Browse YouTube and you'll find tons of video clips of Christopher Hitchens. Debates, interviews, speeches - they're all good, and I've already posted a number of them here.

But I was really interested to find this playlist of short video clips because it distills what can be a long debate down into just a few minutes. The result is just the essence of Hitchens, the "hitchslap," as it's called here.

Now I haven't watched all of them. Heck, there are 66 video clips, so far! And the ones I have watched vary in effectiveness and in video quality. (The early ones, in particular, tend to skip around a bit too much.)

Nevertheless, there's some good stuff here, and I thought maybe I'd post some of them. Not all today, of course. Right now, I'm not even sure how often I'll post them. Maybe every day, maybe at much longer intervals than that.

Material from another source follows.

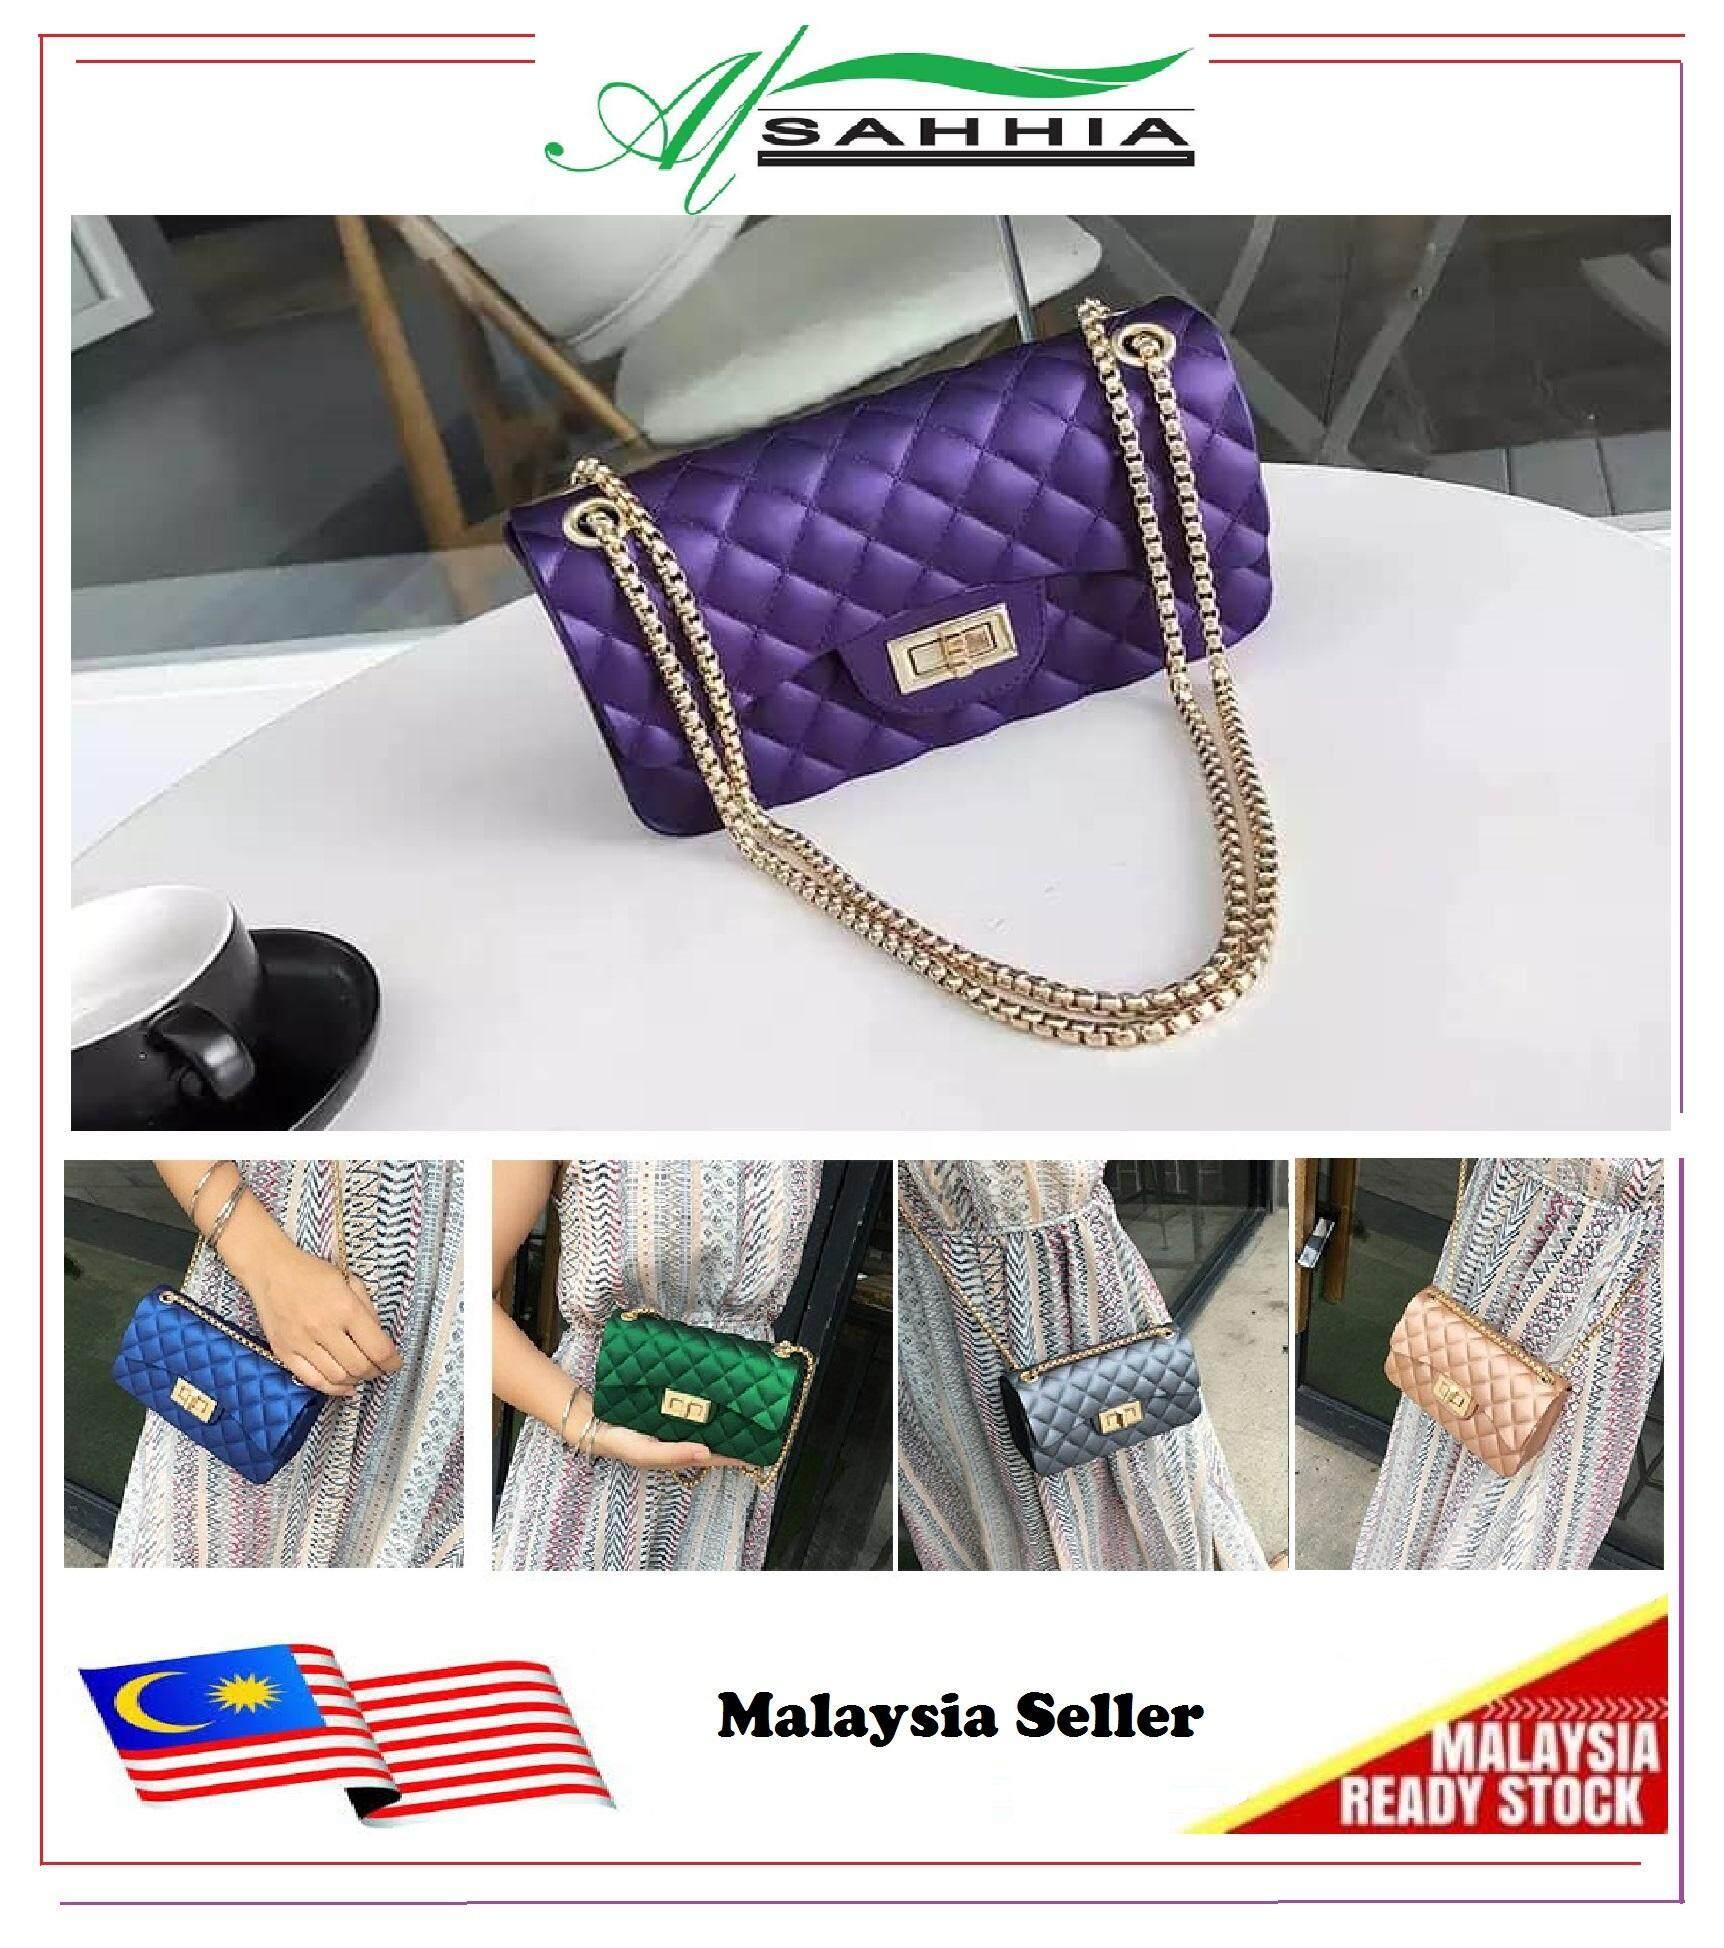 d9c38a4b48 Al Sahhia Ready Stock Jelly Bag Glory Bags Sling Bag Shoulder Bag Beg  Fashion Bags

I'm really not going to worry about it.

In this clip, Hitchslap #11, Christopher Hitchens quite reasonably asks if scapegoating is moral. Can punishing someone else absolve your sin? Vicarious redemption by human sacrifice - how could that ever be moral?

Furthermore, is it moral to blame us today for something our ancestor supposedly did. Are you going to punish a child for his father's crimes? Even if Adam did eat forbidden fruit, why punish his descendants? Even if some people did nail Jesus to a cross, I had nothing to do with it. I couldn't have had anything to do with it, because I wasn't even born then!

Forget the fact that all this is just mythology. Even if it were true, every bit of it, how could you possibly think that it was justified? How could you possibly think that it was moral? This is the same kind of thinking which considers killing random people in floods, and destroying the property of countless others, to be appropriate punishment for their society in general tolerating homosexuality.

Even if you give them their premise, the result is pure insanity. It's just ridiculous, don't you think?

PS. These brief video clips seem to be taken from much longer videos on YouTube. So if you want to hear the context of these remarks, if you want to hear both sides of these debates - and I highly recommend them - it's easy enough to find the longer versions of most of these.

But I'll leave that to you. If this just whets your appetite, there's plenty more out there. Meanwhile, I'll be posting more of these, probably quite frequently.